At the same time you also need to consider the quality of the protein you eat. By quality is meant how lean it is – as in how much fat there is; and its ‘biological value’ – which describes how readily available the amino acids are for the body to use. You can find multiple tables online, but as a basic rule white meats are better than red, protein shakes are very good, and anything fried or made up of cast off meat is a no, no. In other words: steamed chicken = good, burger = bad. As this is only a brief introduction to diet we won’t go into a lot more detail here, other than to say that you also need all your other food groups and to explain why.


The temptation with bodybuilders is to eat only protein so that they build muscle, and to leave out carbs entirely so that they don’t get stored as fat. If you know your science and how the human body works however then you should realise that this would be rather foolish as it’s where you start getting your energy after one minute fourty three seconds. That’s a short workout if you don’t have any carbs, so try to eat a sensible amount of good carbs (complex carbs) such as banana, whole wheat, pasta etc (for those who didn’t know, sugar is actually a carb but a ‘simple carb’ as are most sweets and puddings).


Similarly many bodybuilders and dieters think that it’s a good idea to eradicate fat from their diet. Again this is a big mistake as fat is not only important to keep your skin and hair healthy (you don’t want to be a flaky bodybuilder… that’s just not cool) but also is a crucial element in protein synthesis. In other words you will get more out of your protein intake if you include fat in your diet. Use omega 3 fish oils etc.
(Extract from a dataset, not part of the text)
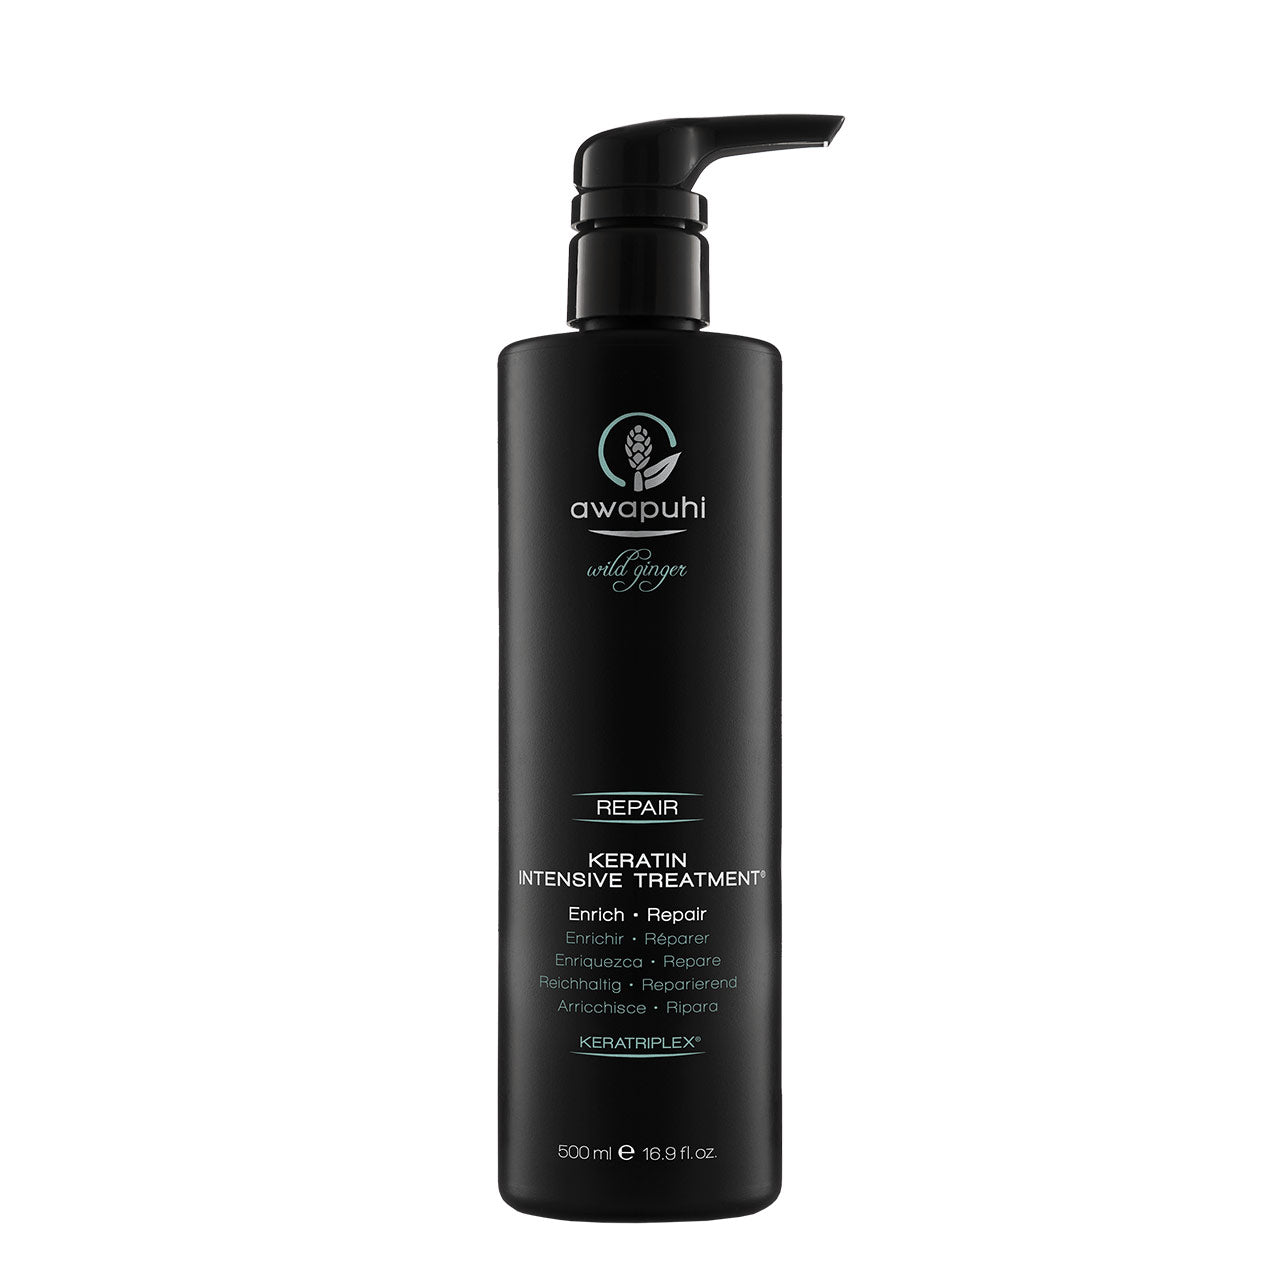 Awapuhi Wild Ginger Repair Keratin Intensive Treatment - 500ML - by Paul Mitchell |ProCare Outlet|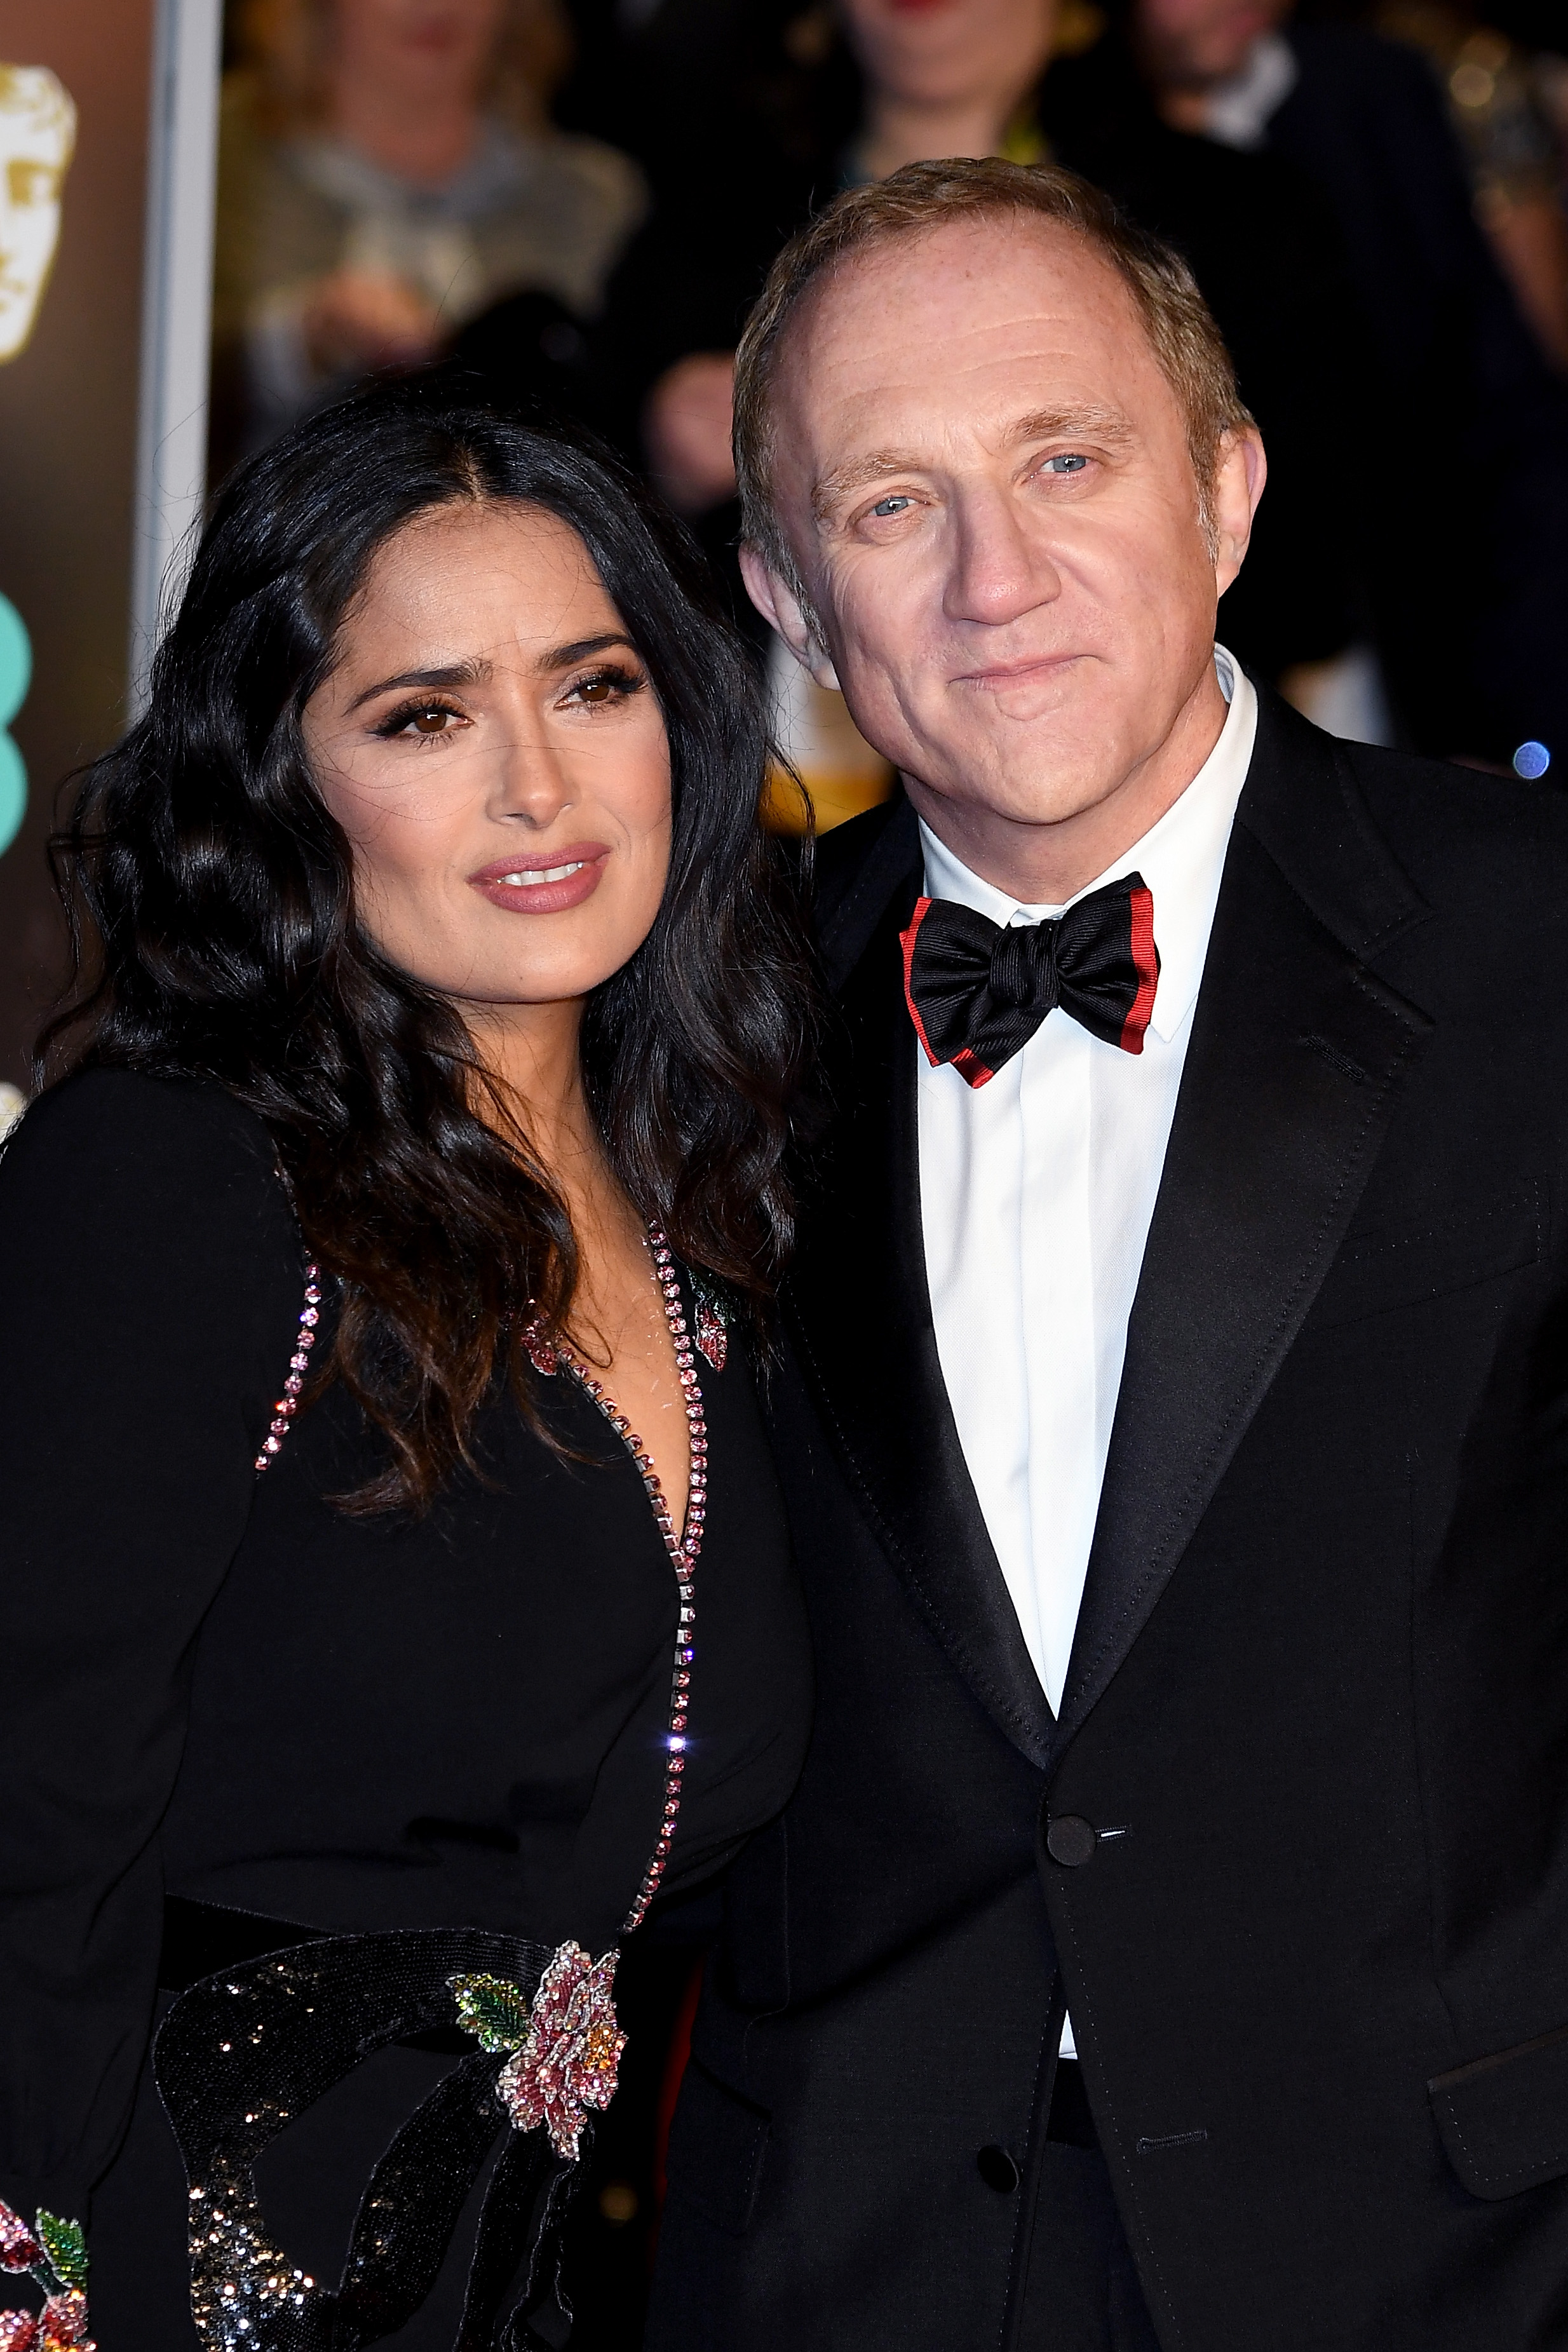 Salma Hayek and husband Francois-Henri Pinault attend the EE British Academy Film Awards (BAFTA) held at Royal Albert Hall on February 18, 2018 in London, England | Source: Getty Images

A bodybuilder also needs to make sure they get all of their vitamins, minerals and fibre so it’s important to eat big meals with mixed foods. Why’s this important? Well minerals and vitamins are involved in a lot of things that can help your bodybuilding progress – for example calcium strengthens not only bones but also helps increase the power of contractions. Vitamins’ most well known purpose however is to help strengthen the immune system, and this too has benefits for bodybuilders – most notably as it will mean you don’t miss quite so many workouts due to illness (which can really put you back a bit). Fibre meanwhile will help improve your digestion, helping you to get more from your foods, and your circulatory system, meaning your body delivers the nutrients and oxygen in your blood to the muscles more quickly.


So then really all a bodybuilder should do to alter their diet is just tip the scales a little. Eat less fat and fewer simple carbs, but don’t cut them out completely. Likewise eat a whole lot more protein while making sure you get all your other vitamins, minerals and fibre.


If you’re struggling to do this there are a few changes you can make to your diet that will instantly help you lose your sweet tooth and start craving healthier foods. These little changes won’t affect what you eat per se, but will take fat and simple carbs out of your diet in little ways. For example – take the sugar and sweetener out of your tea and coffee. You’ll drink it regularly enough that this will start to change your pallet to appreciate less sweet drinks. Swap soft drinks for fruit juices as they count as a portion of fruit. Stop buttering your bread. Eat a bowl of fruit in the morning. Replace your puddings with whole grain cereal and yogurt. By making these little changes on top of your newly increased protein intake you can change you body into a clean and efficient protein factory and you’ll find that eating healthily becomes second nature.


Quick Tip: Eating little and often is a great way to avoid feeling bloated and gaining unnecessary weight, to ensure the body always has a good supply of nutrients, carbs and amino acids, and is closer to how we would have eaten in the wild. Switch to five smaller meals and you will feel healthier and reap the benefits.